▸ What the exercise asks
Your output must be the lines below from the line containing "Un gennaio all’insegna" to the line containing "Getting around Madeira", both lines included, reproduced exactly and without pictures.

▸ Data for processing
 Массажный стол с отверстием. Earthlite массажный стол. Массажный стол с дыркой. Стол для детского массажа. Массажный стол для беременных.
--
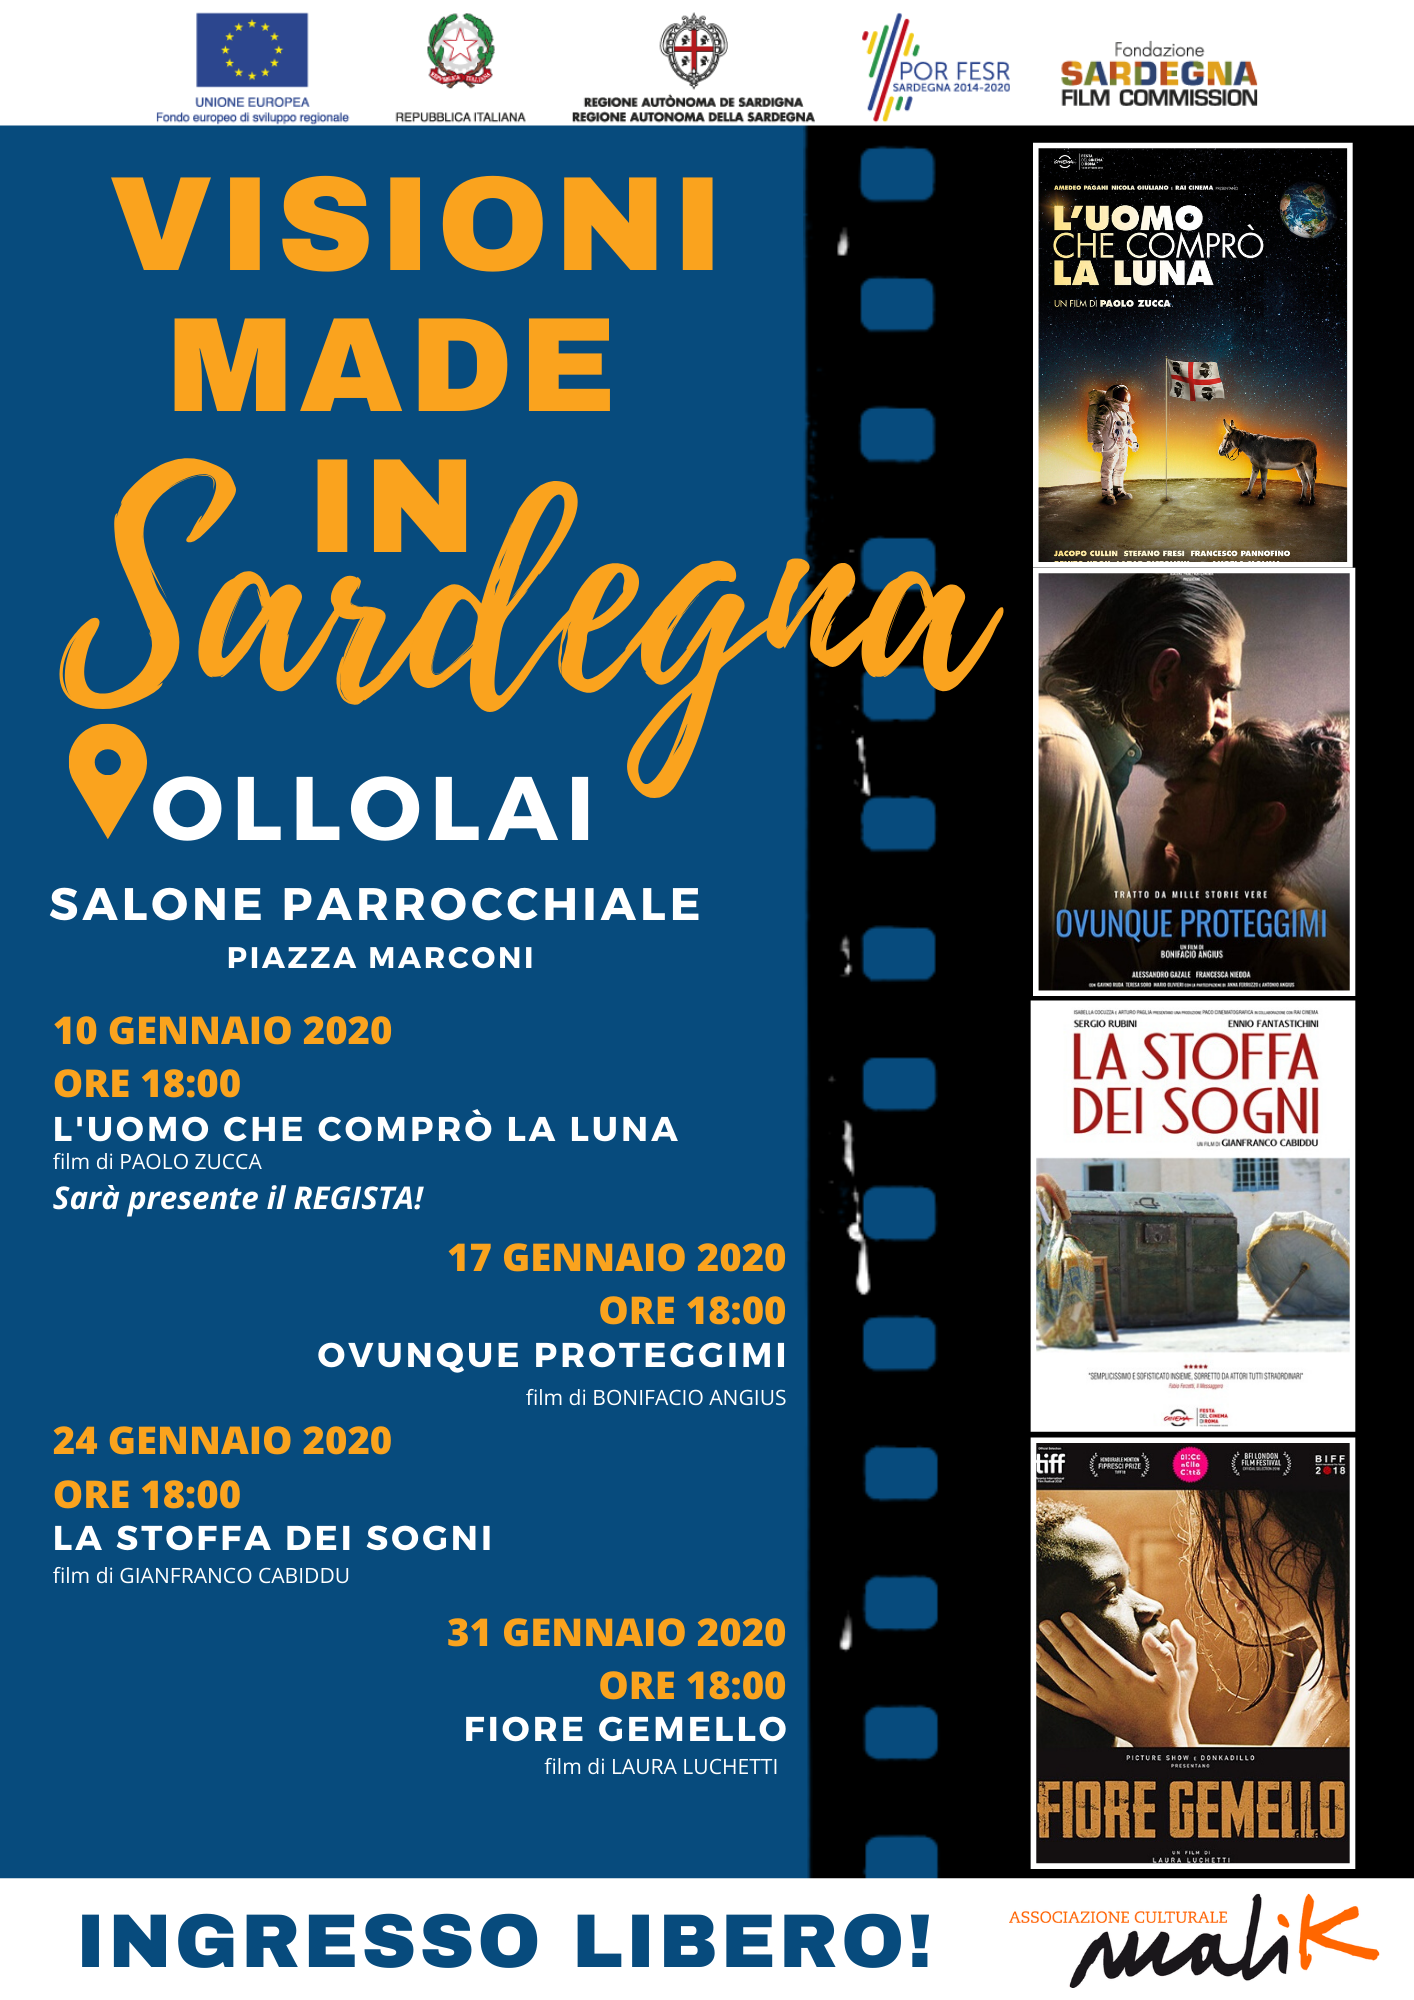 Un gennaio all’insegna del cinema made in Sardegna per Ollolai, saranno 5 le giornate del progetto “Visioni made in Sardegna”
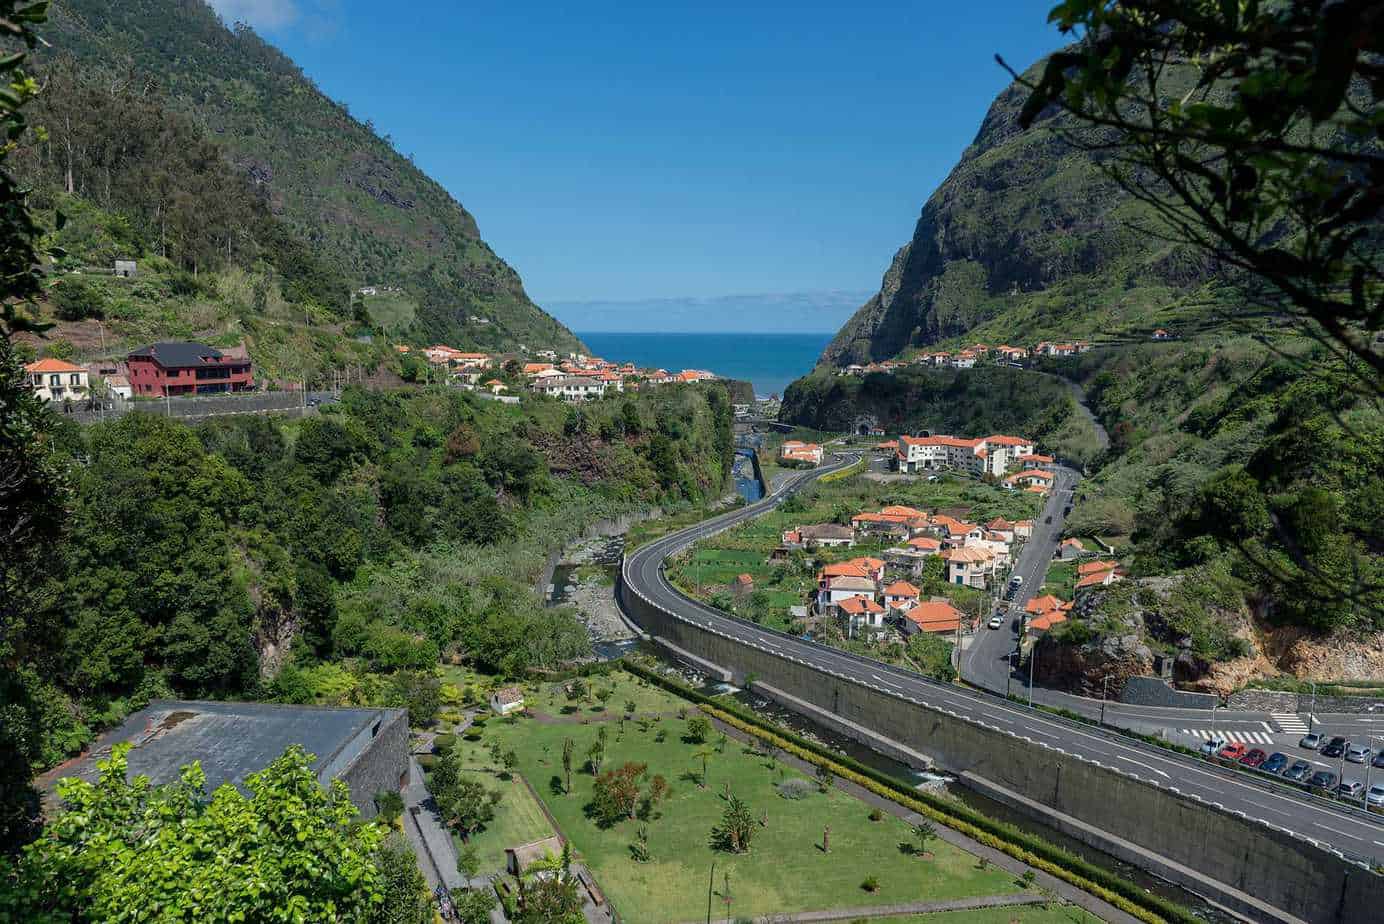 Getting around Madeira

▸ Result of the task
 Un gennaio all’insegna del cinema made in Sardegna per Ollolai, saranno 5 le giornate del progetto “Visioni made in Sardegna”
 Getting around Madeira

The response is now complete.